## What is needed
In the records below, find the line with "separation shoes 5a962" and the line with "Liz King's Endorsement of the Bizzabo Blog"; return exactly those lines and every line between them.

## Provided data

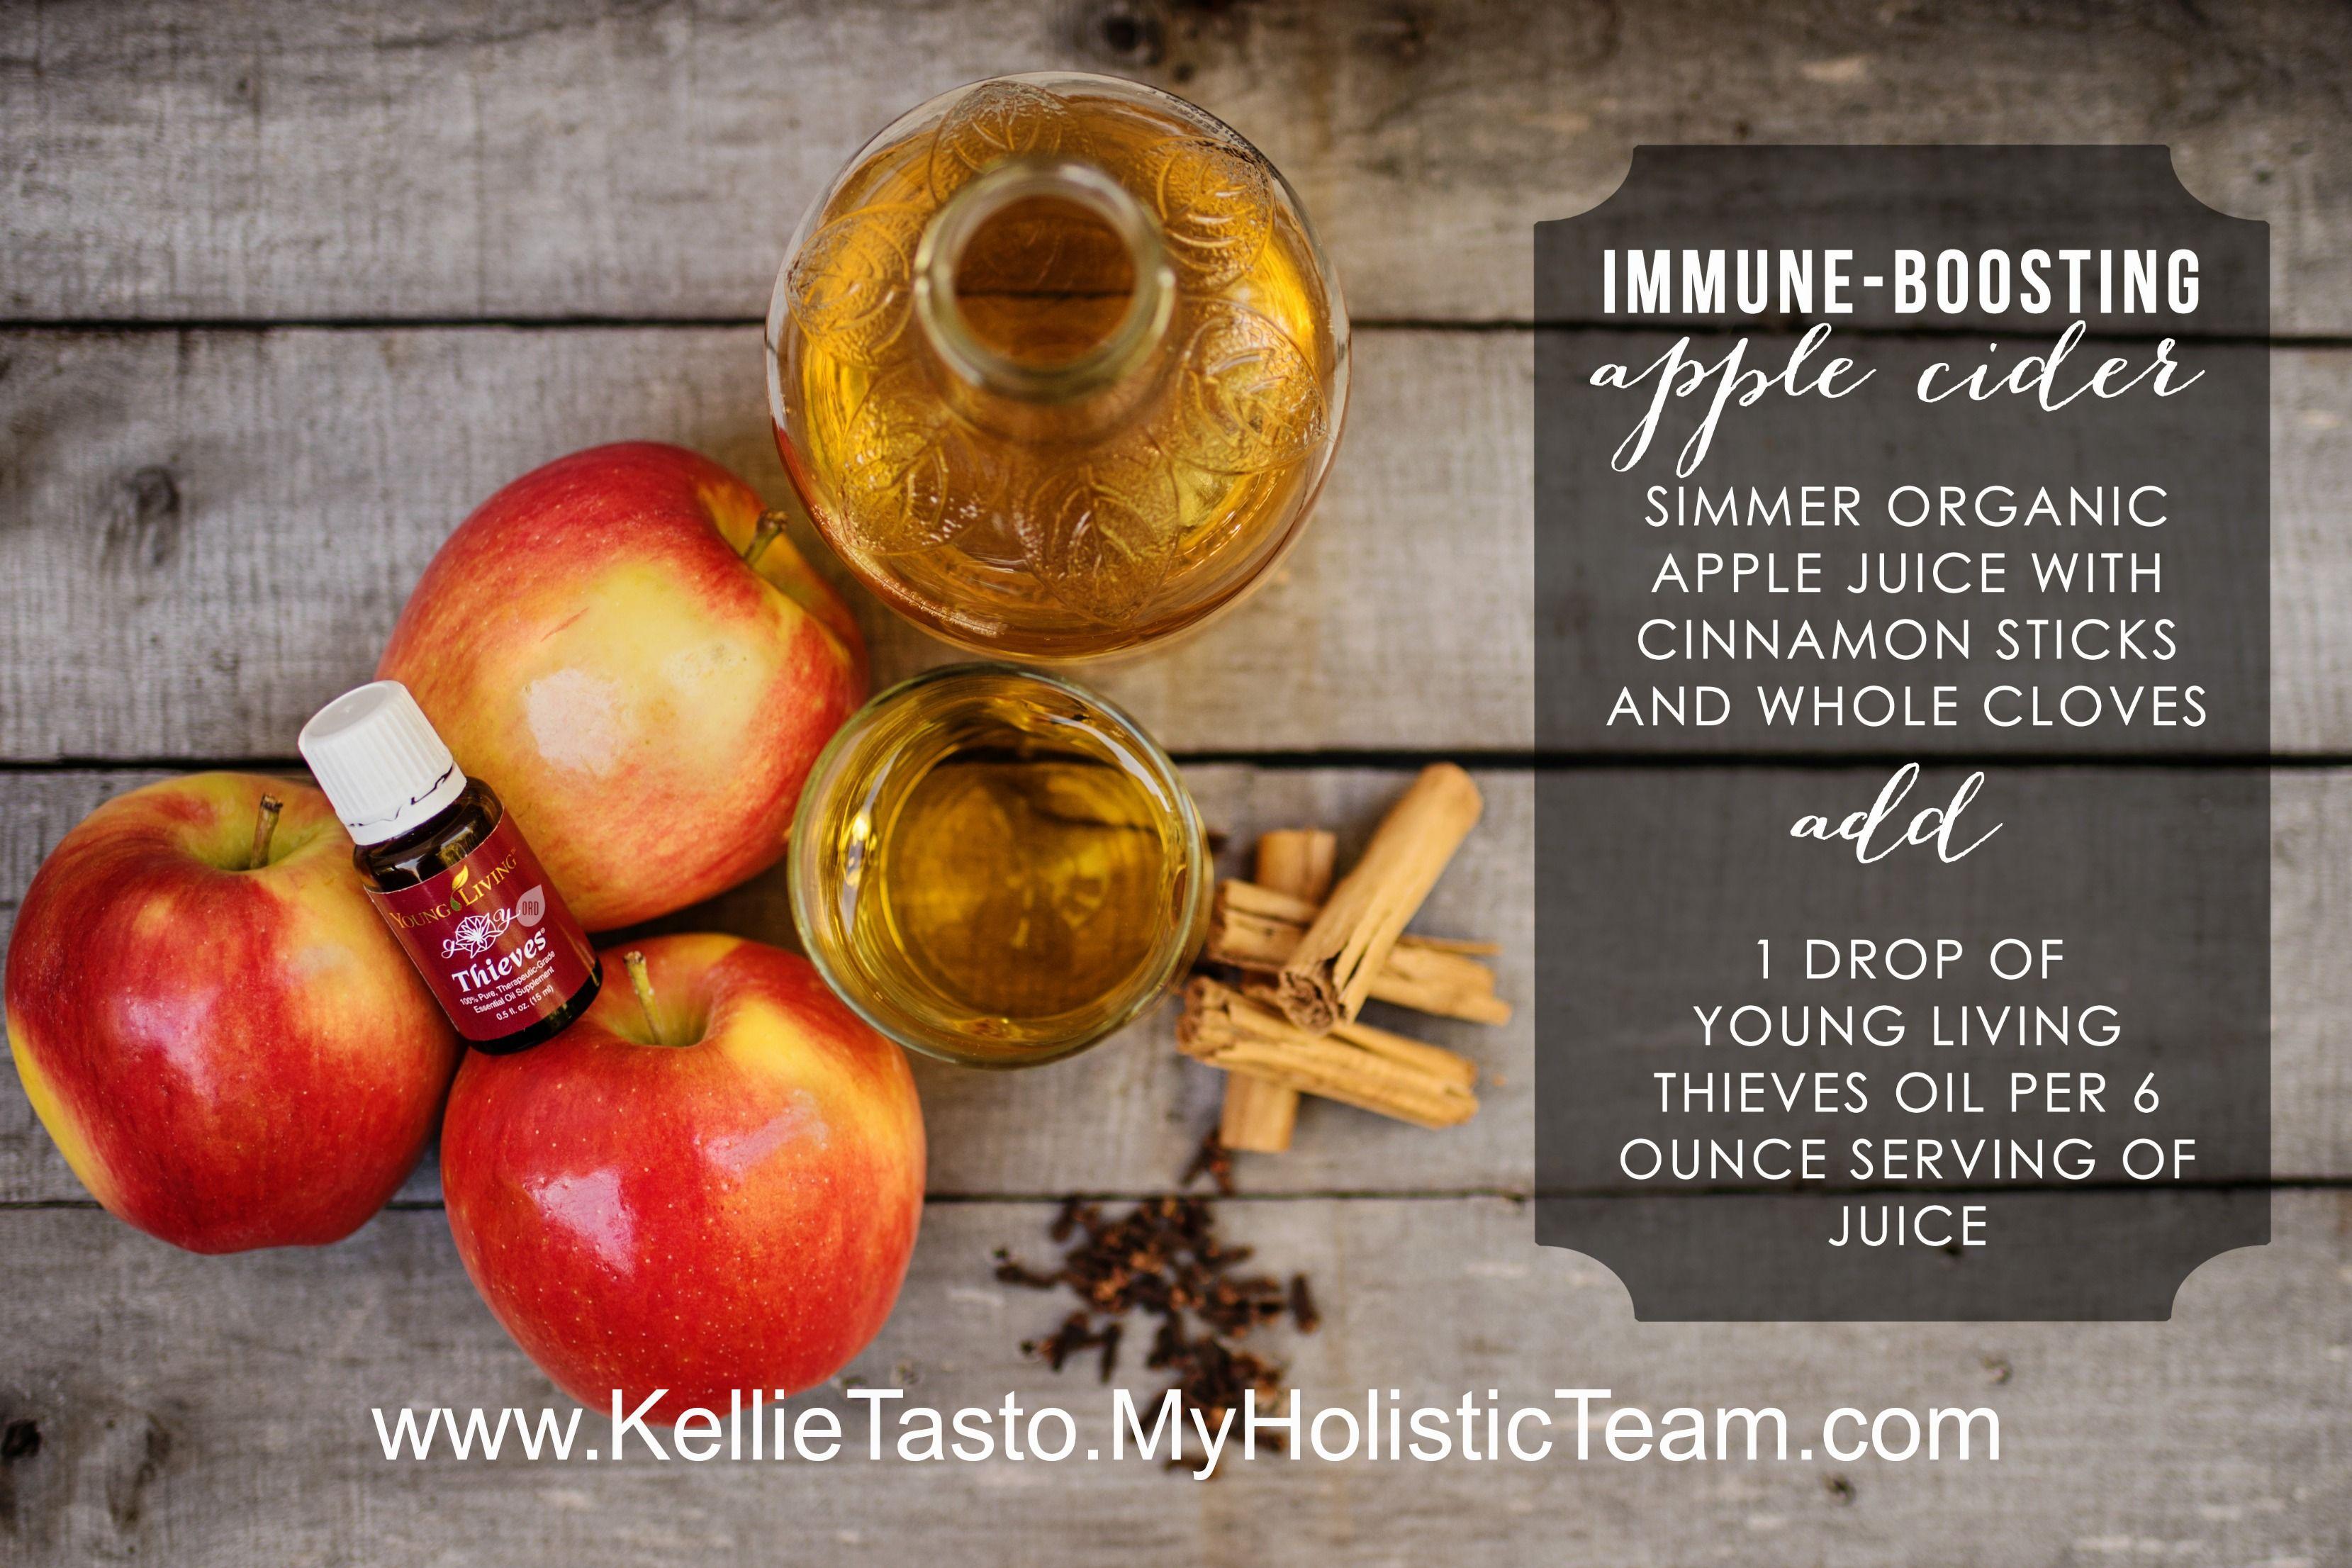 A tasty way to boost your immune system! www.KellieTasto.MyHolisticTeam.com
==
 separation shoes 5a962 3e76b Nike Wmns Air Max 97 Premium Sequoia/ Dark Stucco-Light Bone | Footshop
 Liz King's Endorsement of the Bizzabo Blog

## Answer area
 separation shoes 5a962 3e76b Nike Wmns Air Max 97 Premium Sequoia/ Dark Stucco-Light Bone | Footshop
 Liz King's Endorsement of the Bizzabo Blog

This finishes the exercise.